**TRY IT**:
Copy out the data below from the line containing "A two image" to the line containing "These two gorgeous", both lines included, with all images left out.

**DATASET ENTRIES**:

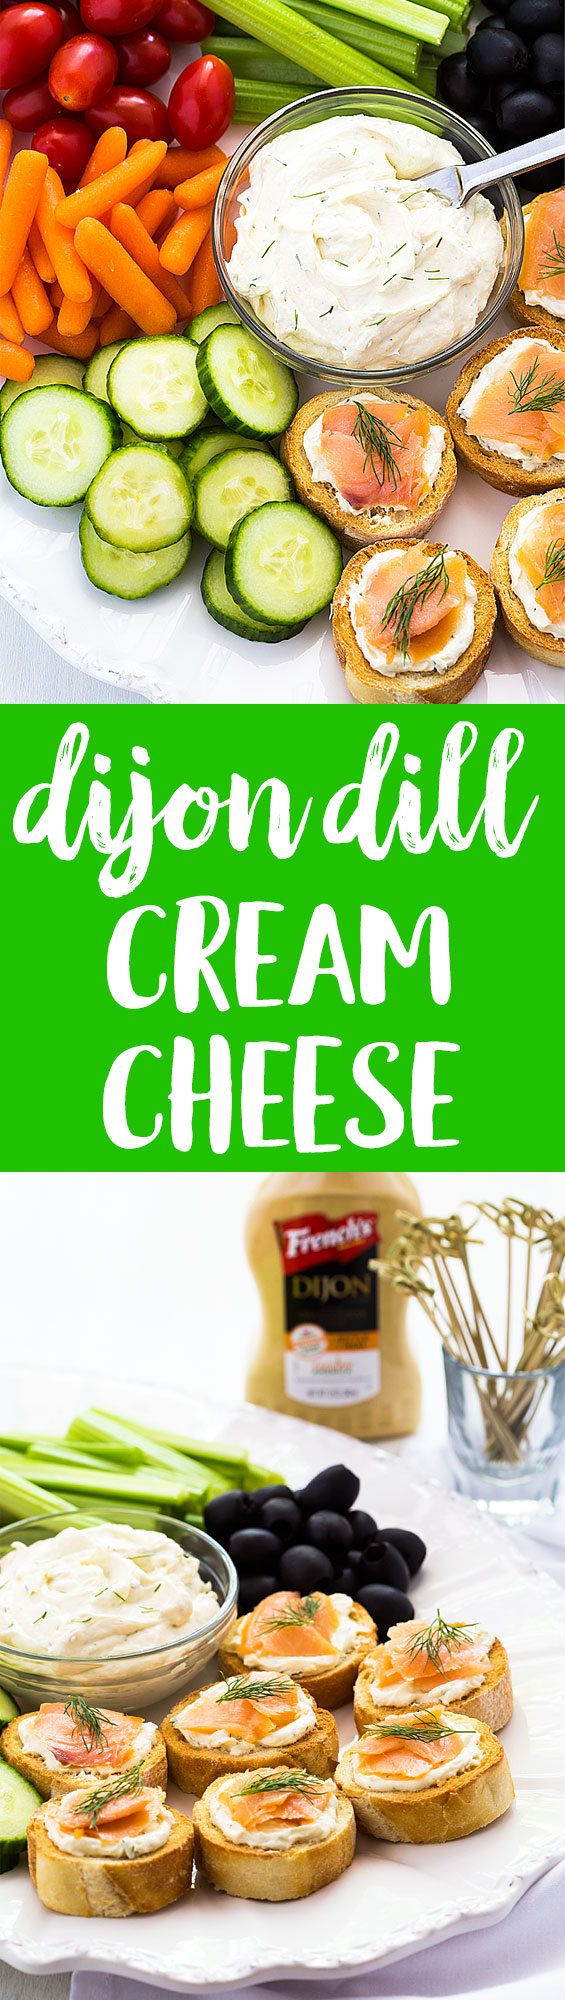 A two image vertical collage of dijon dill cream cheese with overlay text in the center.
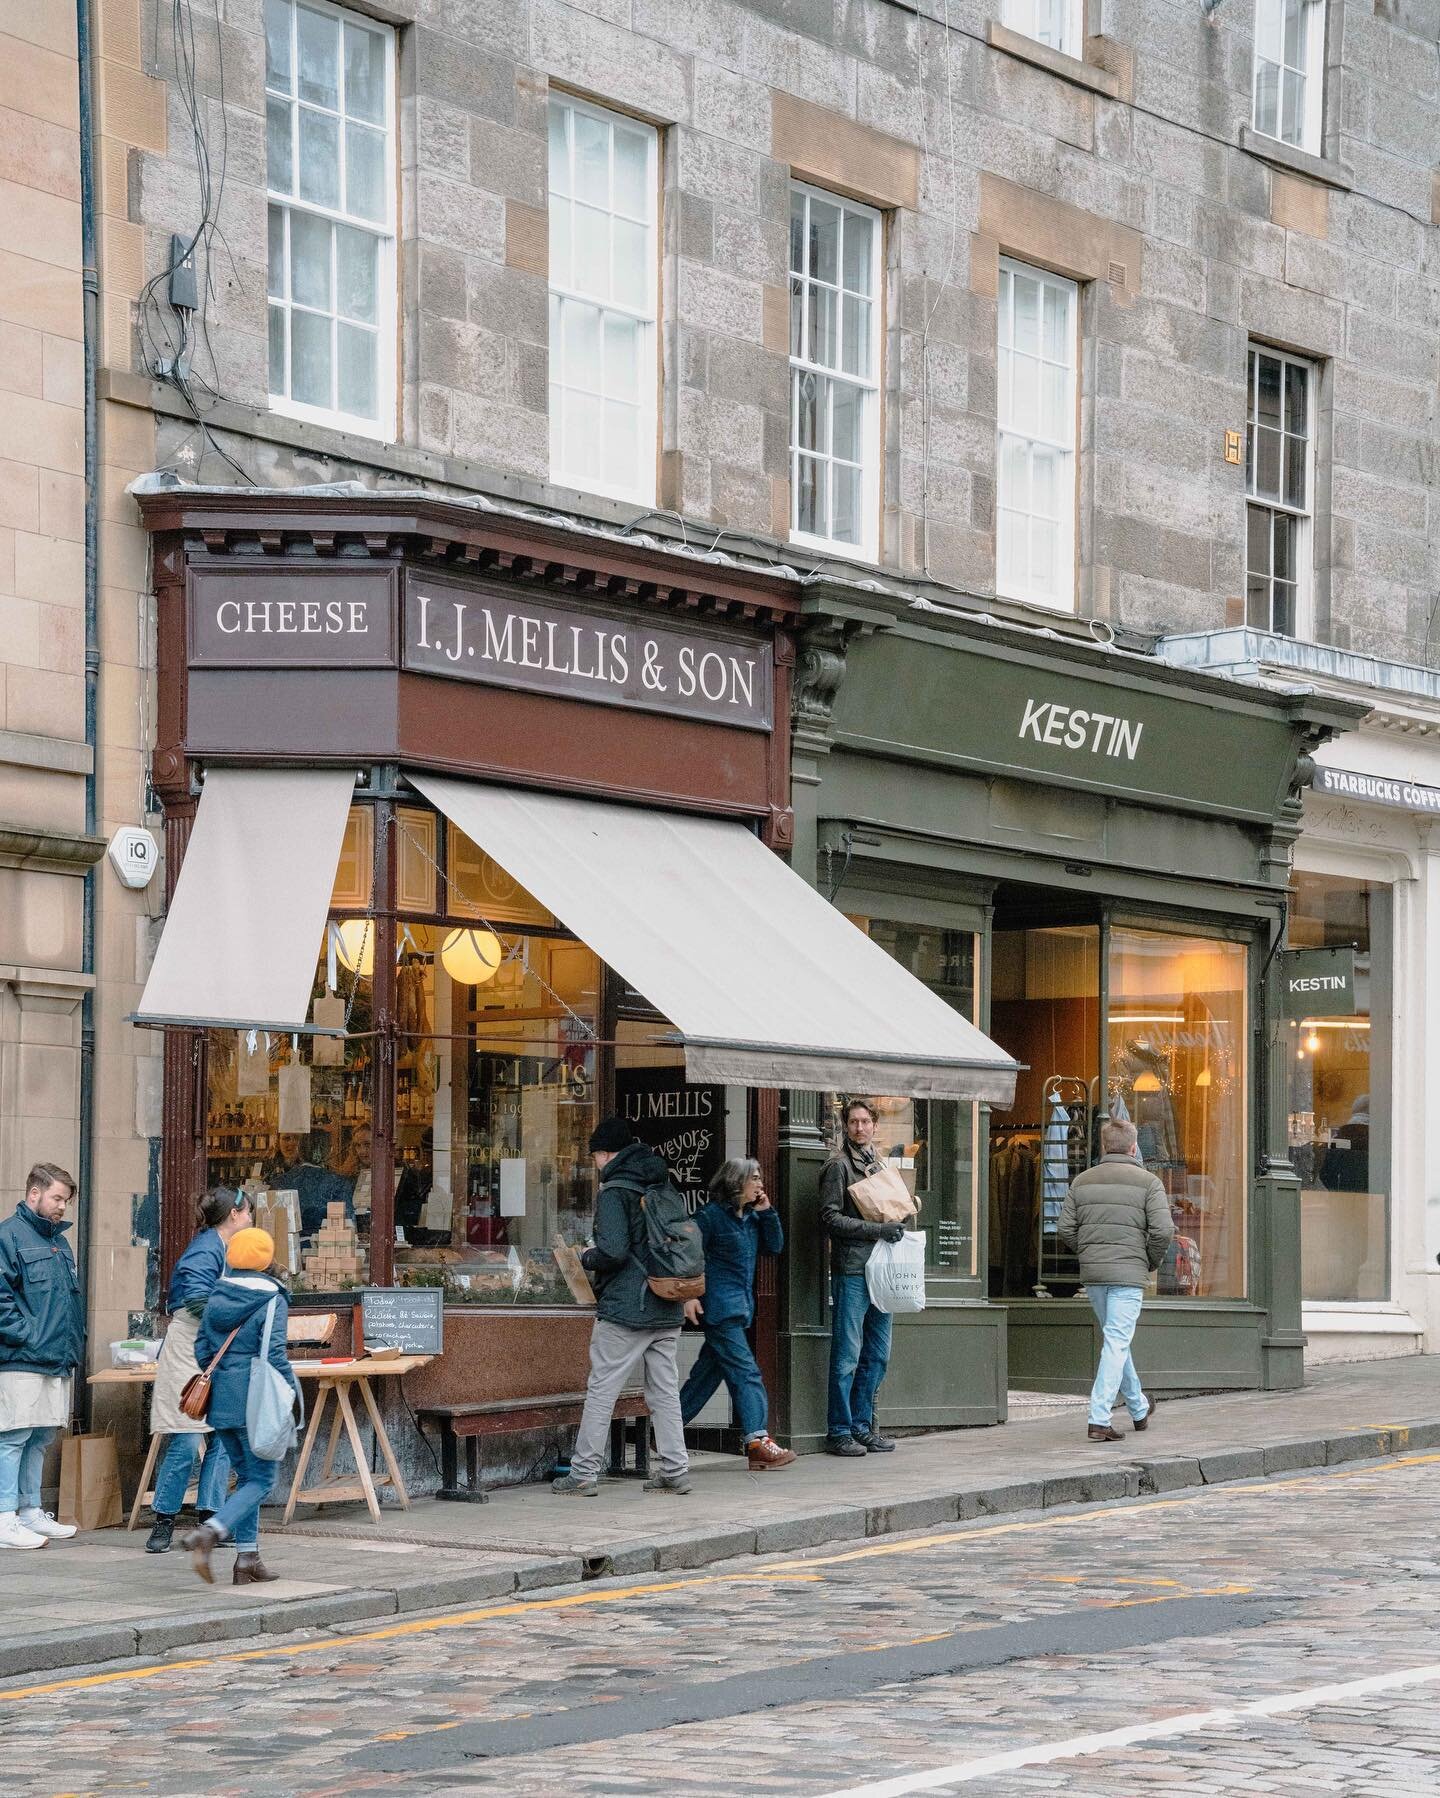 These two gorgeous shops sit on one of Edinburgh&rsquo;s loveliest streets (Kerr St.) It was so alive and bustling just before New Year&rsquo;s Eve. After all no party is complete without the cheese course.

--

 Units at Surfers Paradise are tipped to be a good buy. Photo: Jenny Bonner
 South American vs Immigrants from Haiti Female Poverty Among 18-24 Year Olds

**THE ANSWER**:
 A two image vertical collage of dijon dill cream cheese with overlay text in the center.
 These two gorgeous shops sit on one of Edinburgh&rsquo;s loveliest streets (Kerr St.) It was so alive and bustling just before New Year&rsquo;s Eve. After all no party is complete without the cheese course.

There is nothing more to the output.